According to the data released by MinDA, Mindanao has a total system capacity of 2,751 megawatts (MW).
Out of this total, coal sources account for more than of Mindanao’s generation mix at 1,490.5MW or 54%; 523.2 MW or 19% diesel; 591.2 MW or 21% hydro; 75 MW or 3% geothermal; 56.9 MW or 2% solar; and 14.9 MW or 1% bio, according to the data released by MinDA.
“Spike in rates is likely, with diesel accounting for 19% of Mindanao's generation mix.
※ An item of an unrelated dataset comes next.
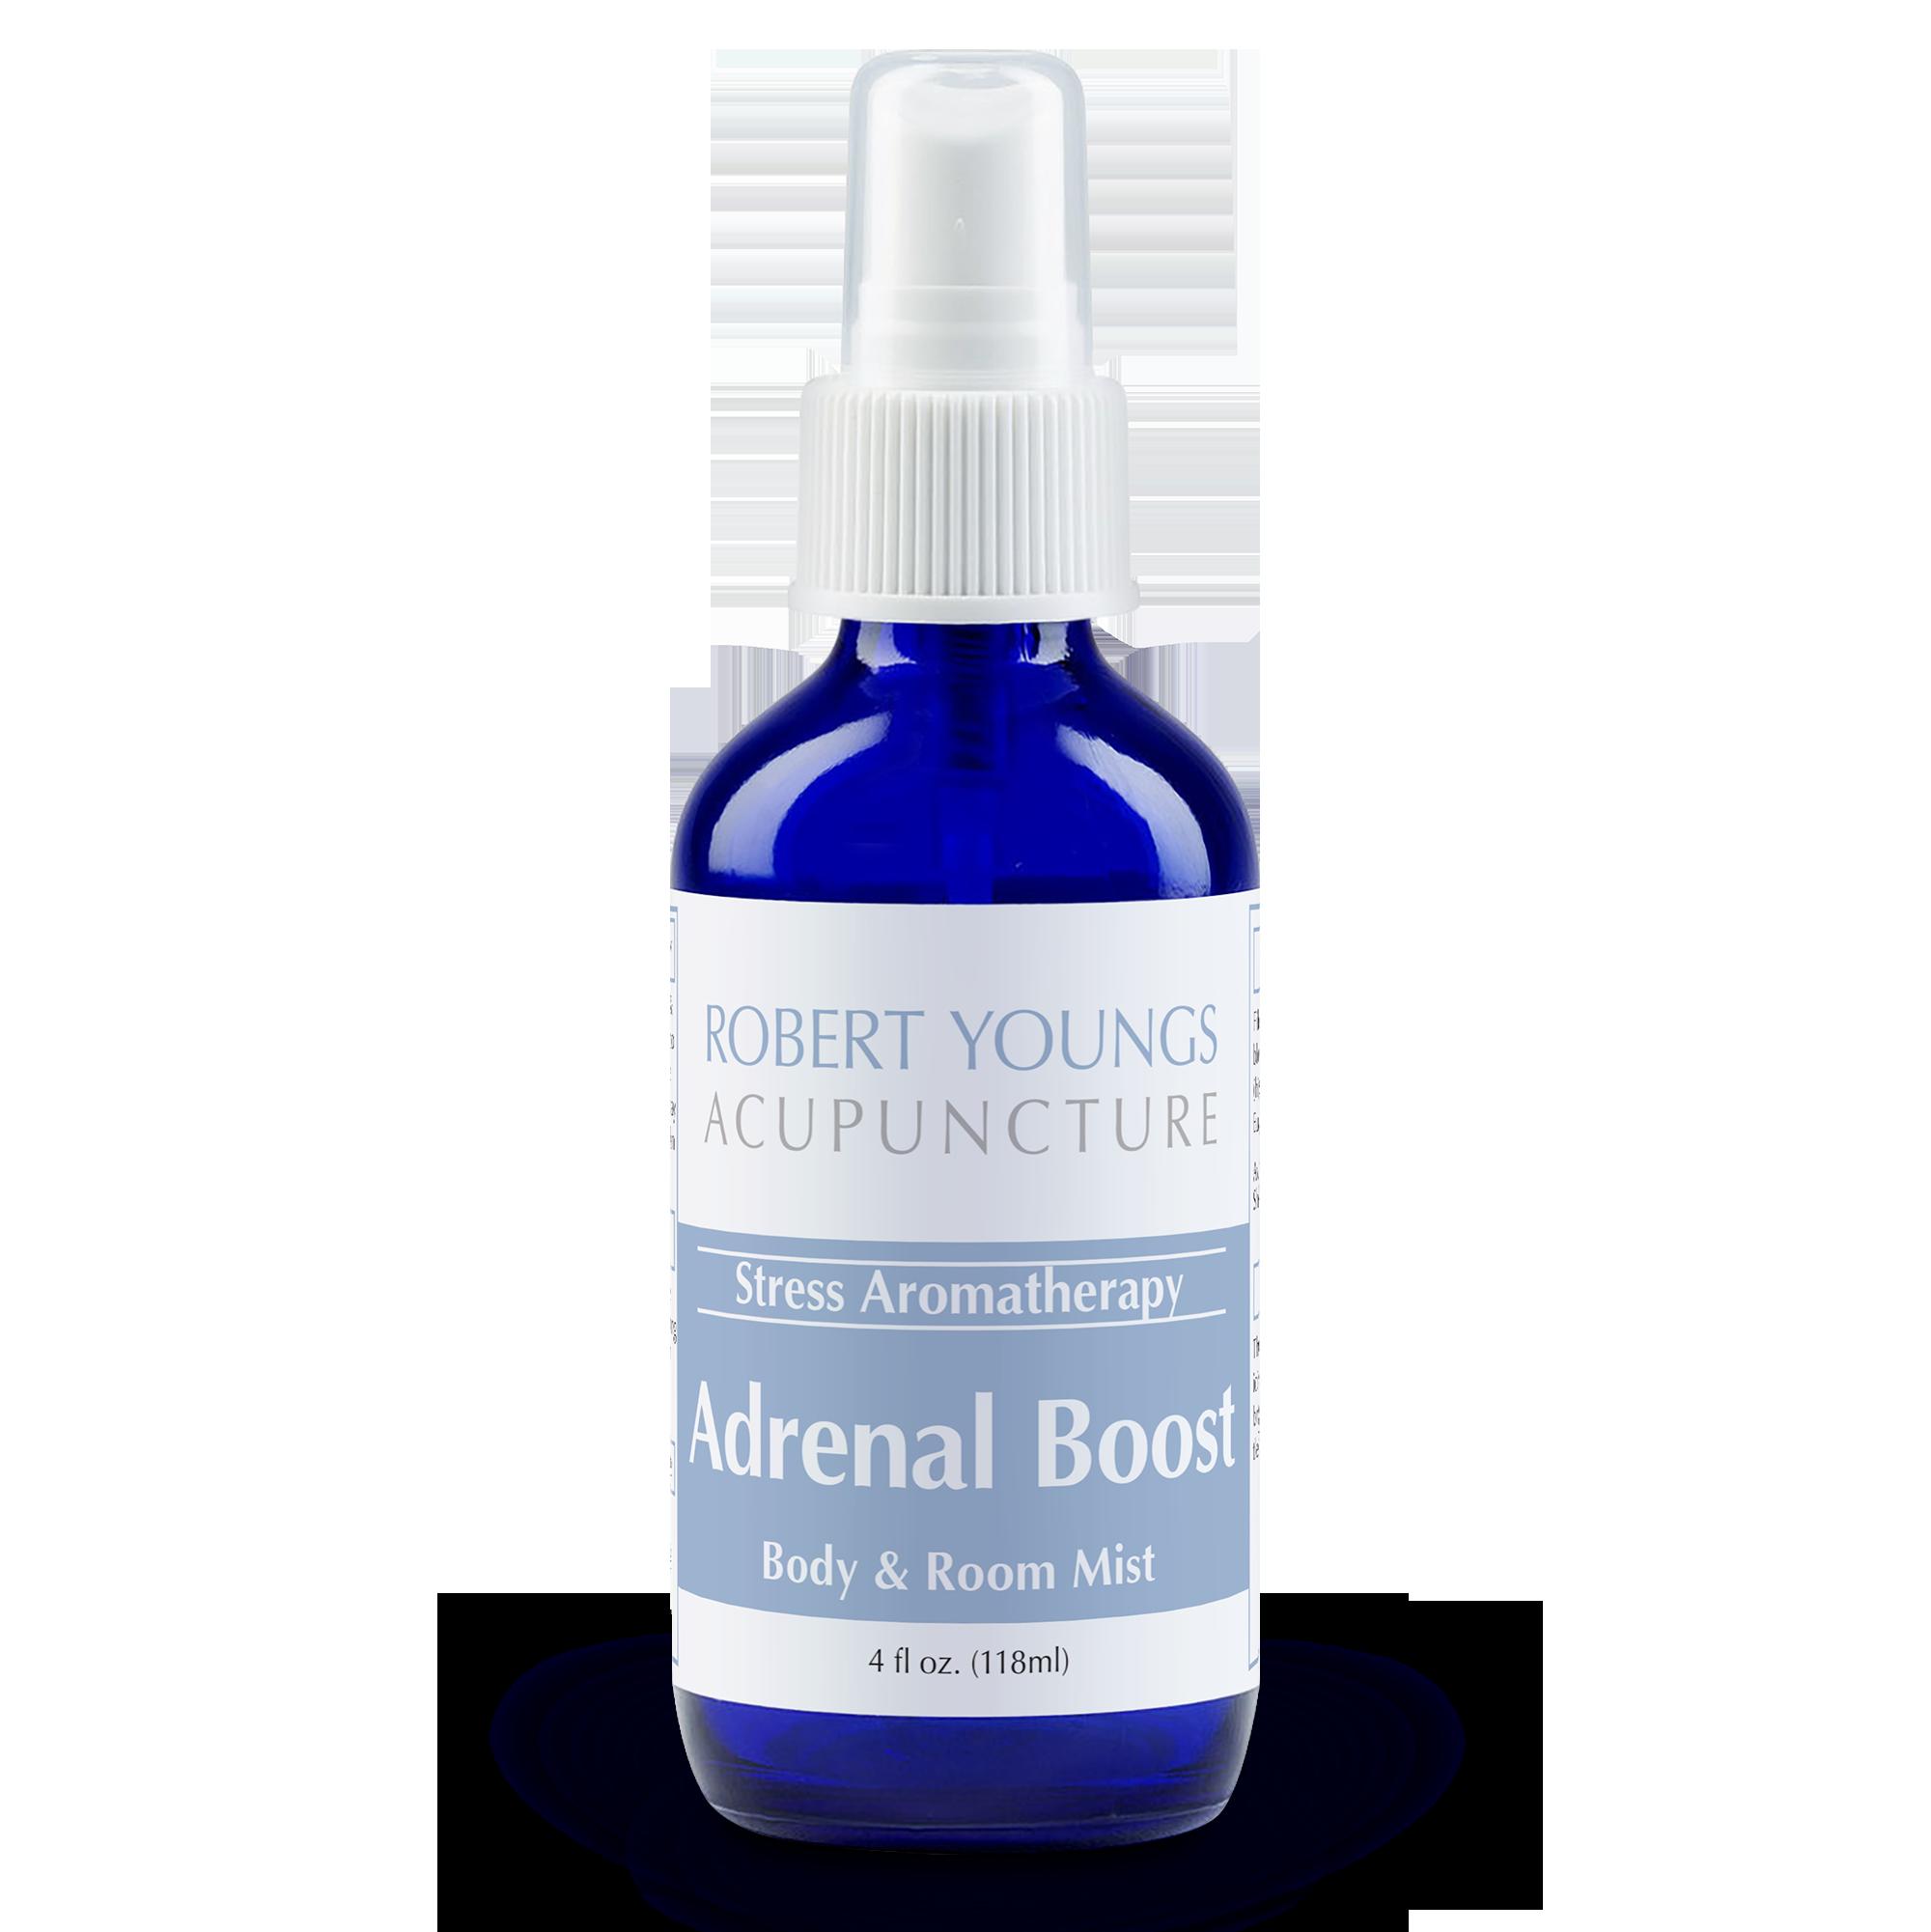 4oz 2x6 Adrenal Boost spray.png

With world market prices of coal spiking as well, then it's going to result in a bigger rate impact to consumers since coal dominates Mindanao's generation mix at 54%,” he said.
A series of fuel price hikes has been implemented as a result of the Russia-Ukraine crisis.
Montenegro said that this is the downside reality of a grid, which is heavily dependent on fuel sources.
He said that the cost variations for fuel spikes are recovered by power industry players through Generation Rate Adjustment Mechanism (GRAM) and passed on to electricity consumers.
To address similar problems in the future, he said MinDA is “promoting accelerated renewable energy deployment” under the “distributed generation strategy,” which “promotes greater local participation, along with local government units and local electric coops or distribution utilities opting to have the renewable energy power projects as embedded generation.”